Exercise requirements: Return exactly, with nothing added, the lines from the one that contains "Mustus BE A" through the end of the listing below, pictures excluded.

The data:
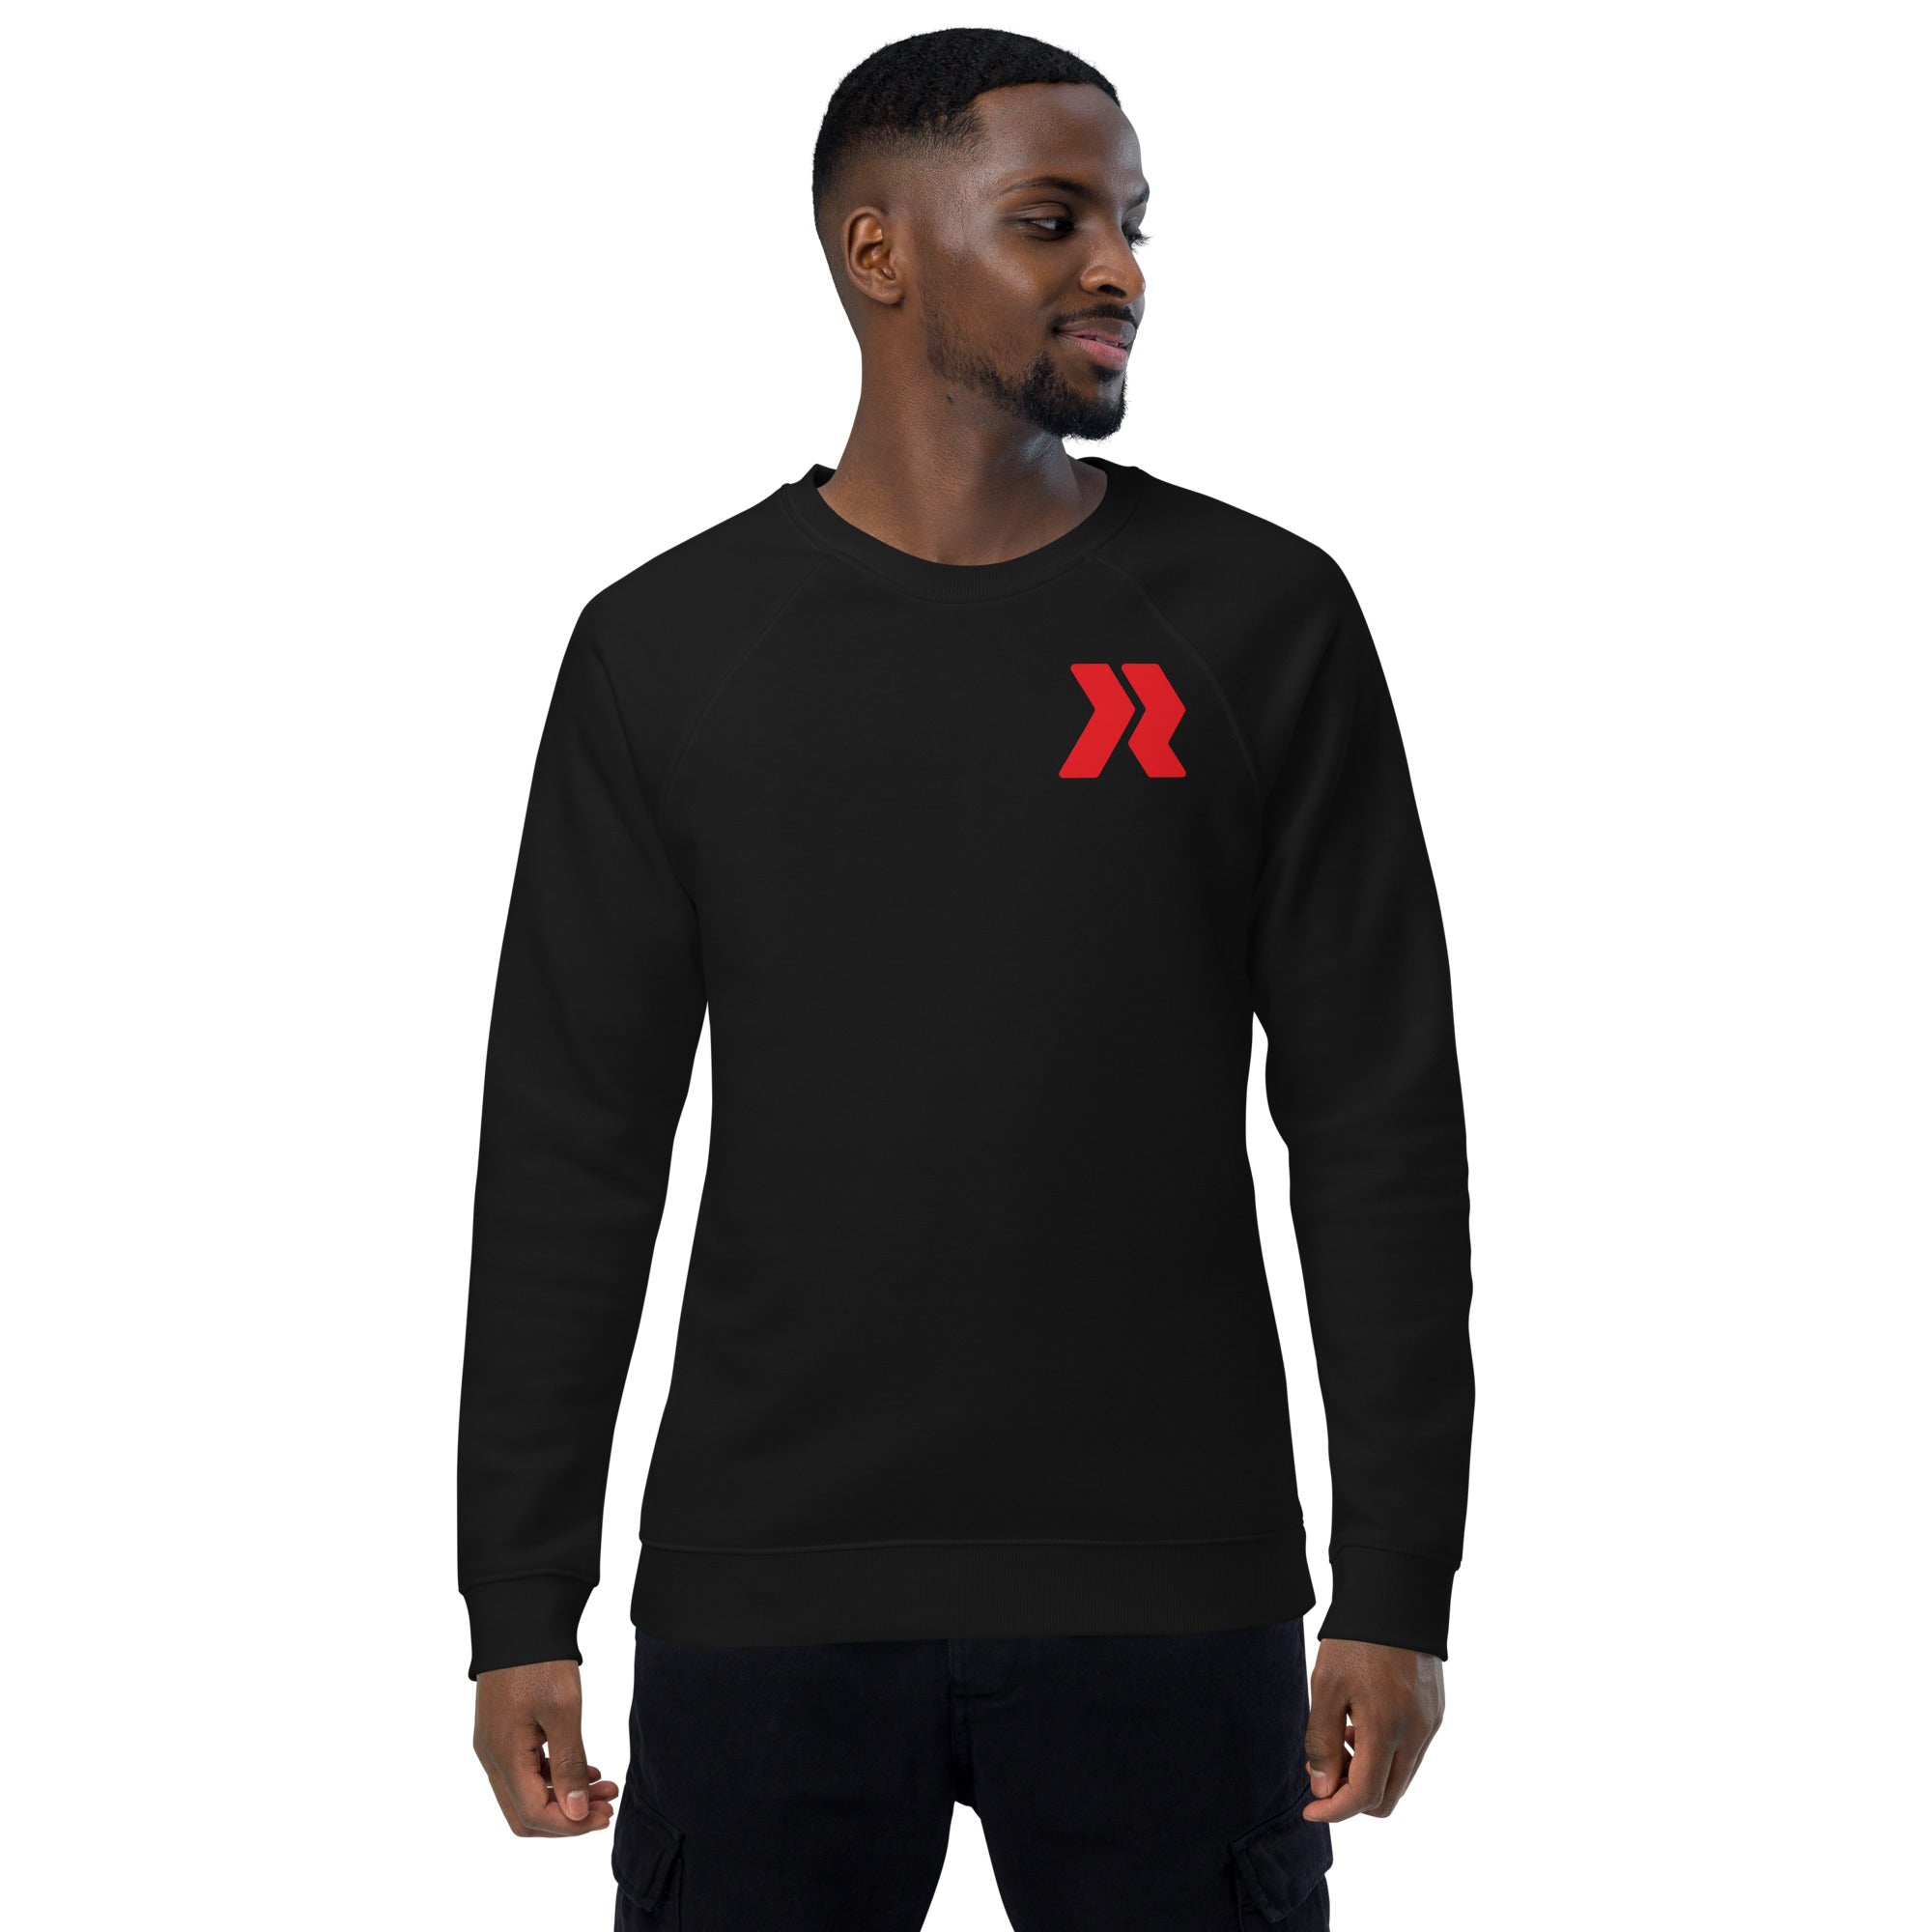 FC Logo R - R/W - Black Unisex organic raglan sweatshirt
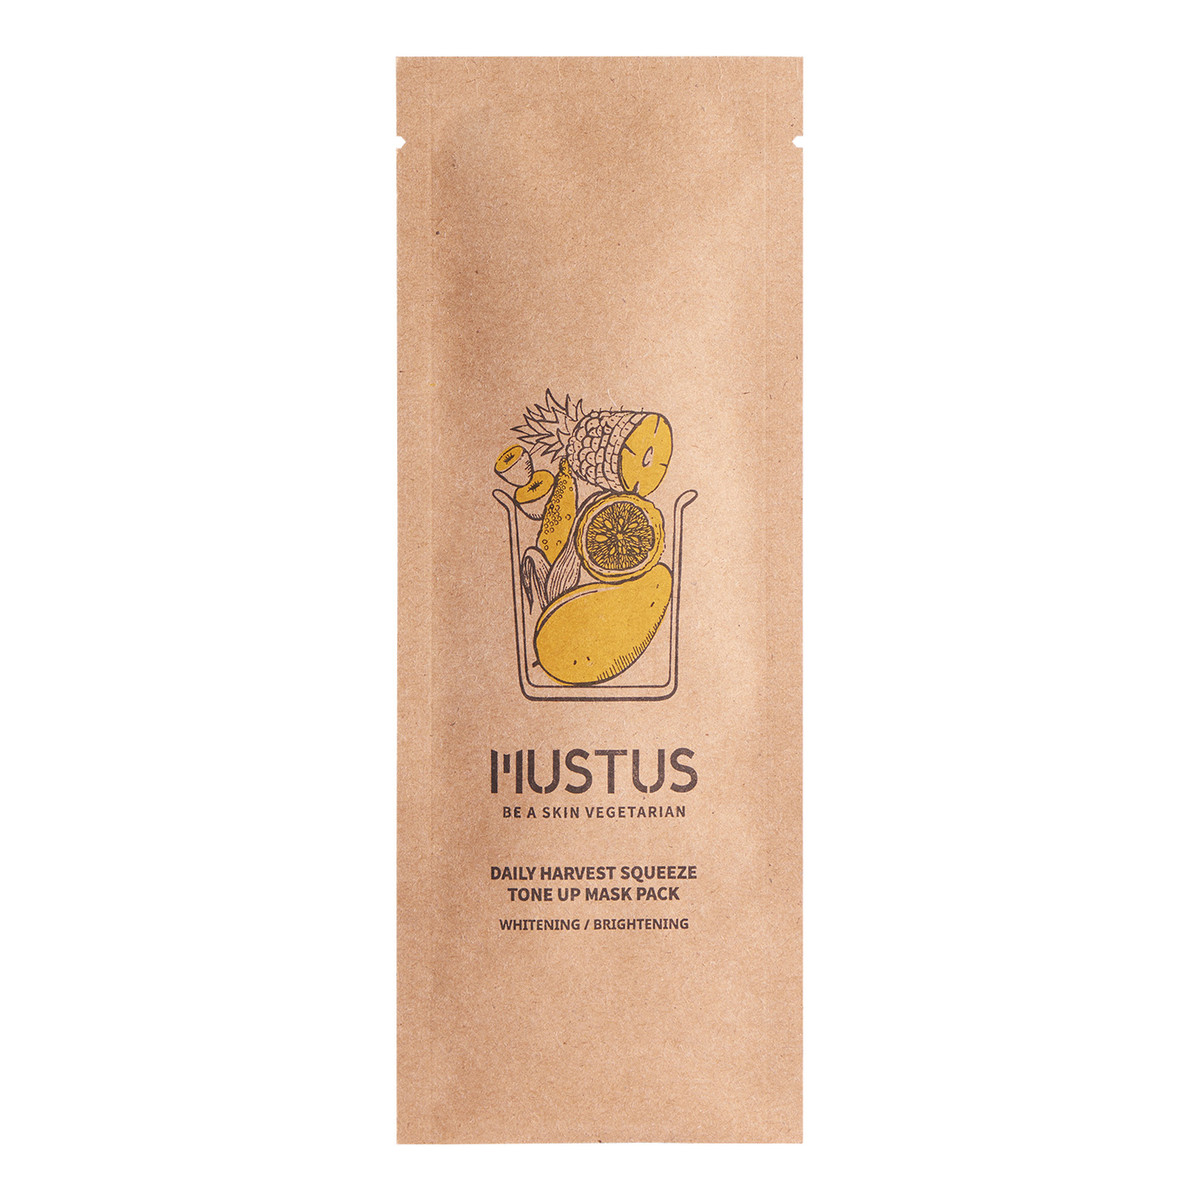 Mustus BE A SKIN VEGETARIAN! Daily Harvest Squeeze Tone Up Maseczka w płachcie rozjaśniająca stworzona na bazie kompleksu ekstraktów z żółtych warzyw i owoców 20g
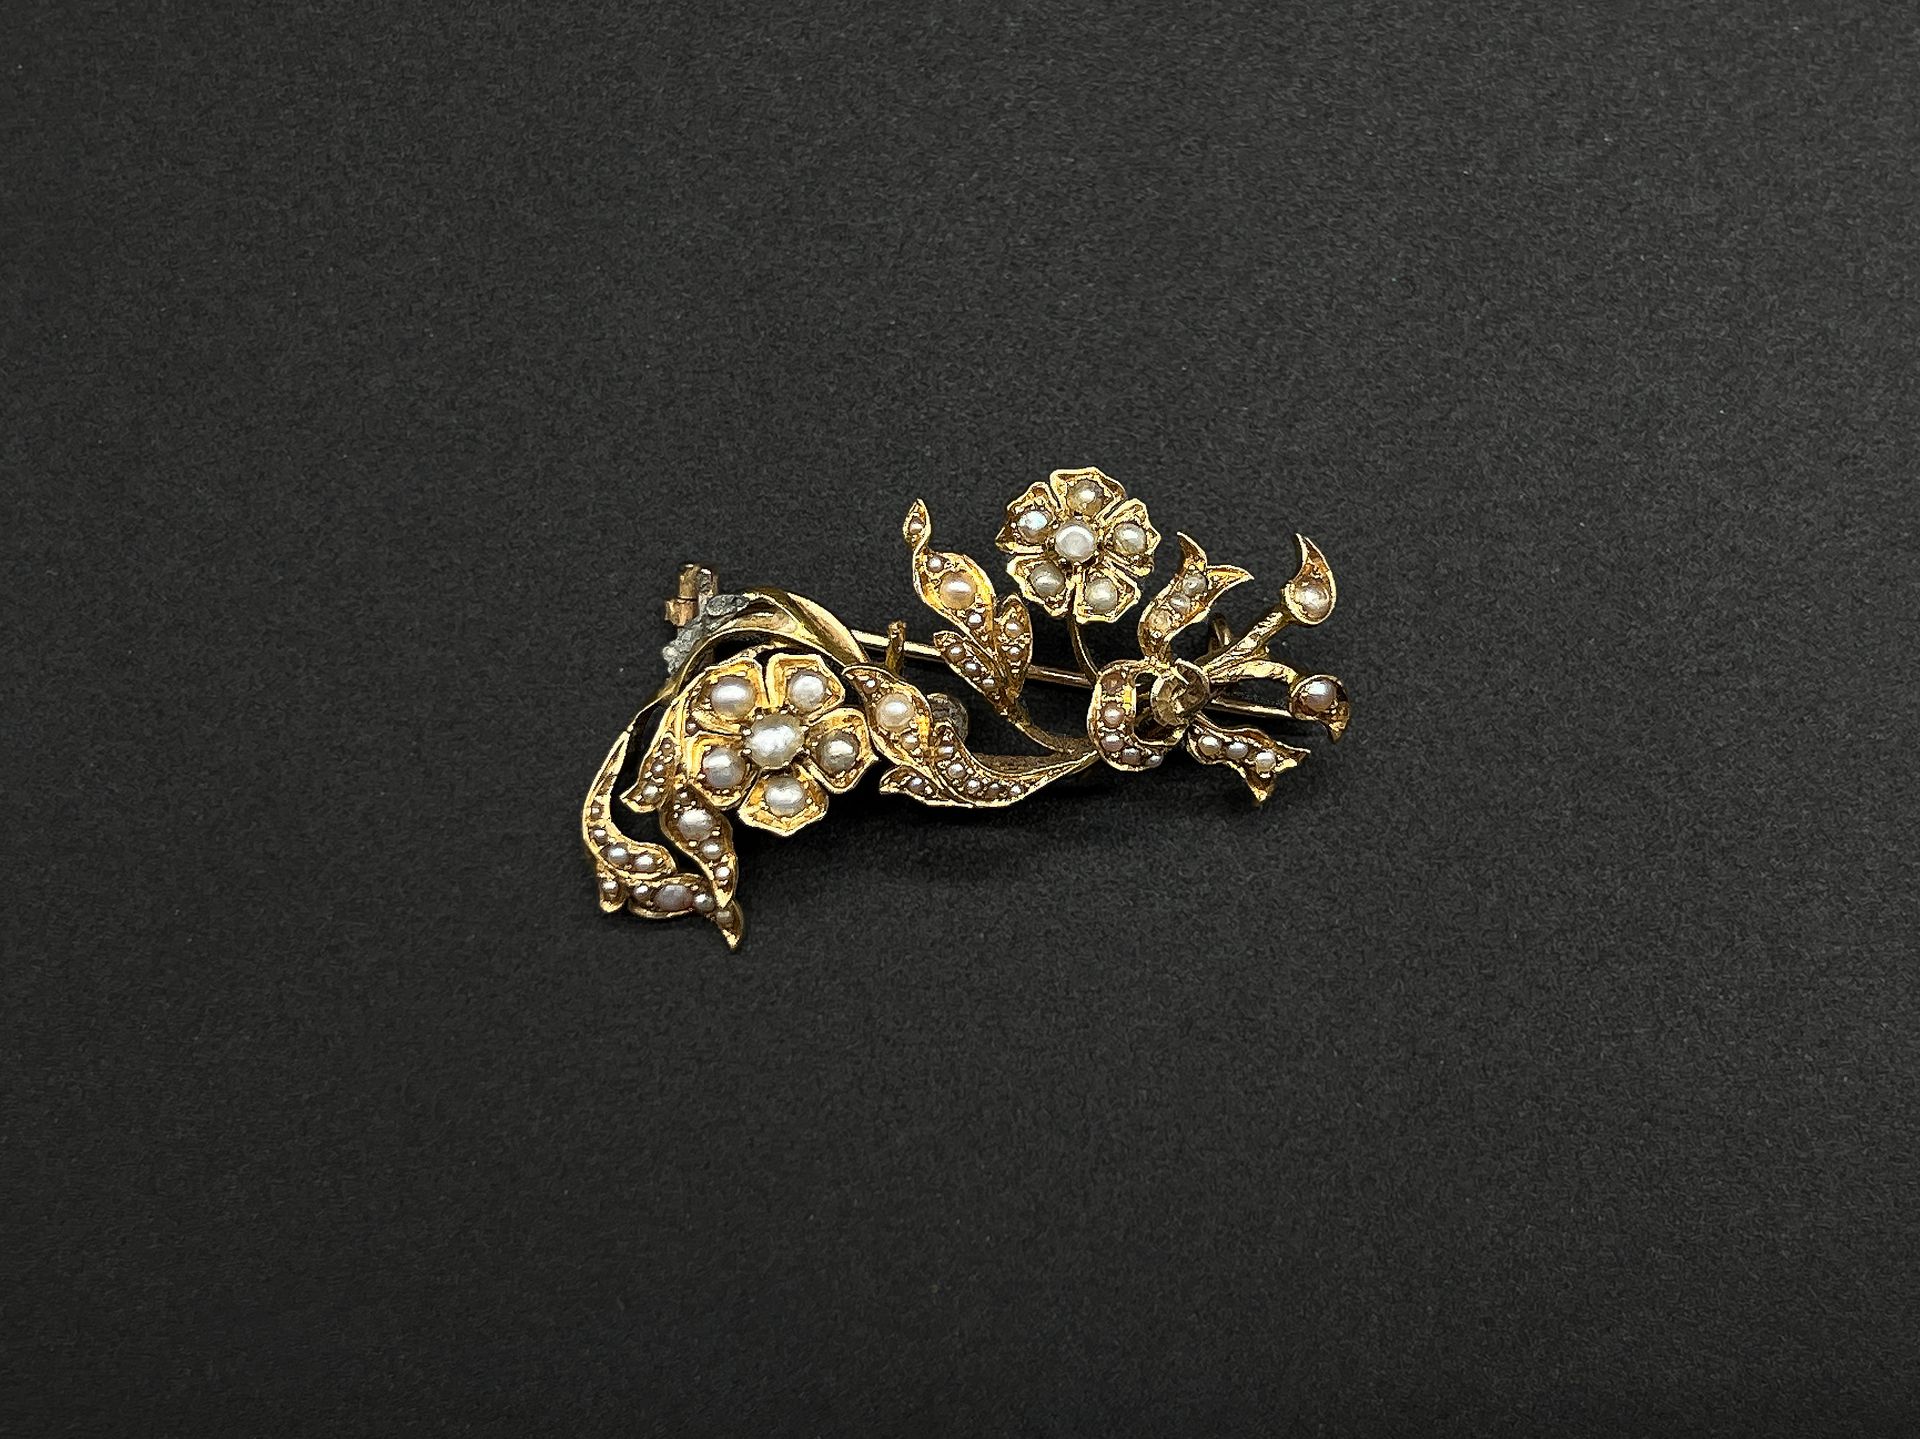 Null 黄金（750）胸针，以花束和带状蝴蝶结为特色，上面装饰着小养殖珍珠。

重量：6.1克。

Solved problem:
 Mustus BE A SKIN VEGETARIAN! Daily Harvest Squeeze Tone Up Maseczka w płachcie rozjaśniająca stworzona na bazie kompleksu ekstraktów z żółtych warzyw i owoców 20g
 Null 黄金（750）胸针，以花束和带状蝴蝶结为特色，上面装饰着小养殖珍珠。

重量：6.1克。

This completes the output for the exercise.